Does anybody know if there's a decent air rifle that can manage to take out rabbits from 20-60 yards and the ammo is biodegradable (while still being sufficient to kill it humanely).

Any links or names for suggestions would be great! Thanks!!


----------



## Duckslayer100

I had a pump BB gun that would kill rabbits stone dead...I don't think there are any "bad" air rifles. That being said, I've heard good things about Gamo. Been pretty tempted myself to buy one of their silencer-equipped models for our red squirrel problems in town.

As for biodegradable ammo...I don't think that exists. Anything that needs to penetrated flesh and bone would have to be fairly dense to get the job done. Something biodegradable likely wouldn't be tough enough.


----------



## dakotashooter2

Both BBs (steel) and lead are biodegradable..................just not in our lifetime...........LOL..........

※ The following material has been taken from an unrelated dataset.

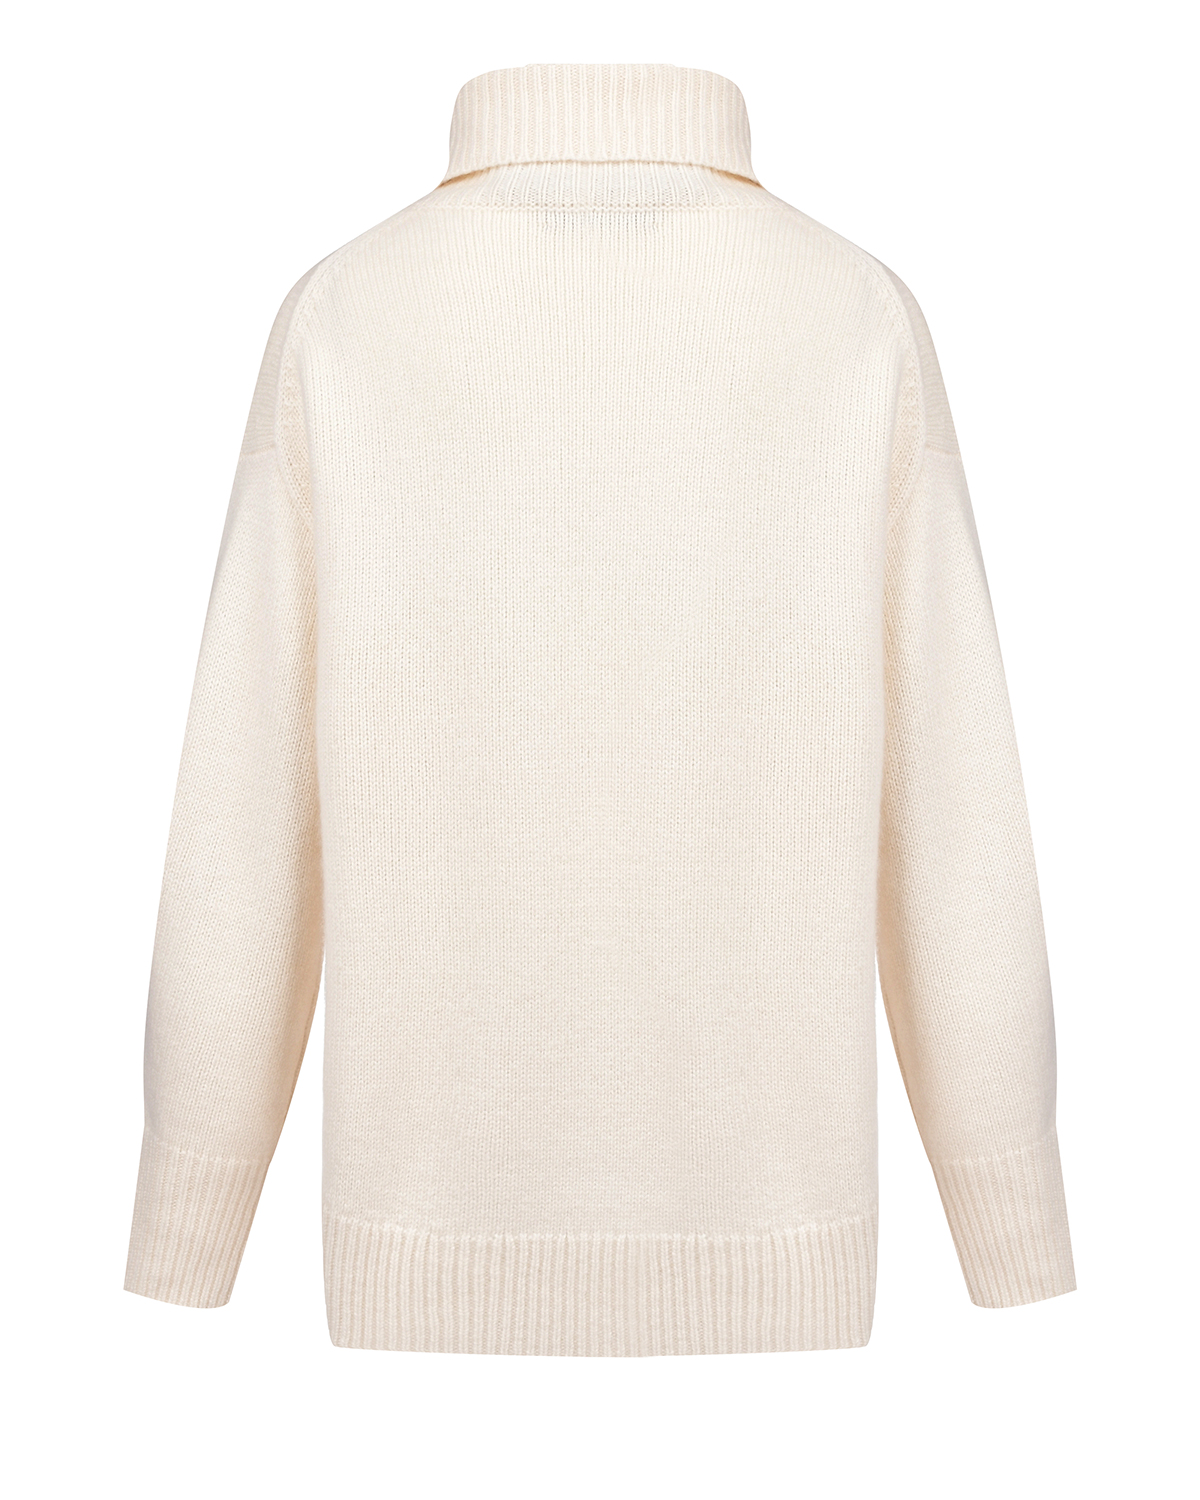 Кашемировый свитер молочного цвета Arch4, размер 38 - фото 5

I'm a bit puzzled as to why boidegradabilty is an issue. The pellets are pretty small and quantities would be minimal.


----------



## Chasicle

I agree too, but my dad is a bit concerned as to having a bunch of steel pellets in our backyard. I figure if I miss, the pellet will likely dig into the ground and inch or two and not be an issue. Maybe I can talk him into it anyways.


----------



## Ambush Hunter

Then buy a high quality airgun and don't miss. Gamo is NOT one of them, never was, and will never be. There is plenty of junk that don't shoot straight no matter what. 
There is some non-toxic, non-lead ammo for airguns but it is not exactly cheap. Dynamic ammo from the airgunsofarizona.com is around $25 for a box of 350.


----------



## VINCE

WOW. I just gotta ask you Ambush Hunter. Why so hostile about Gamo? There are far better airguns out there for sure, but you make it sound like owning one or knowing someone that owns one is like having a disease.They really arent that bad.I have 23 airguns, 6 are Gamos, and they do what they were made to do. Did you get ran over by the Gamo delivery truck or something at some point? I'm not trying to start anything, but we should try to help, encourage and support the people getting into our hobby with honest facts and be a good source of imformation. I'm not saying blow smoke up anyones butt, but give pro's and con's and give them something to work with. Its perfectly fine to express your oppinion, but imho afterwards would be good.


----------



## Ambush Hunter

Old thread no one cares about...what's the problem.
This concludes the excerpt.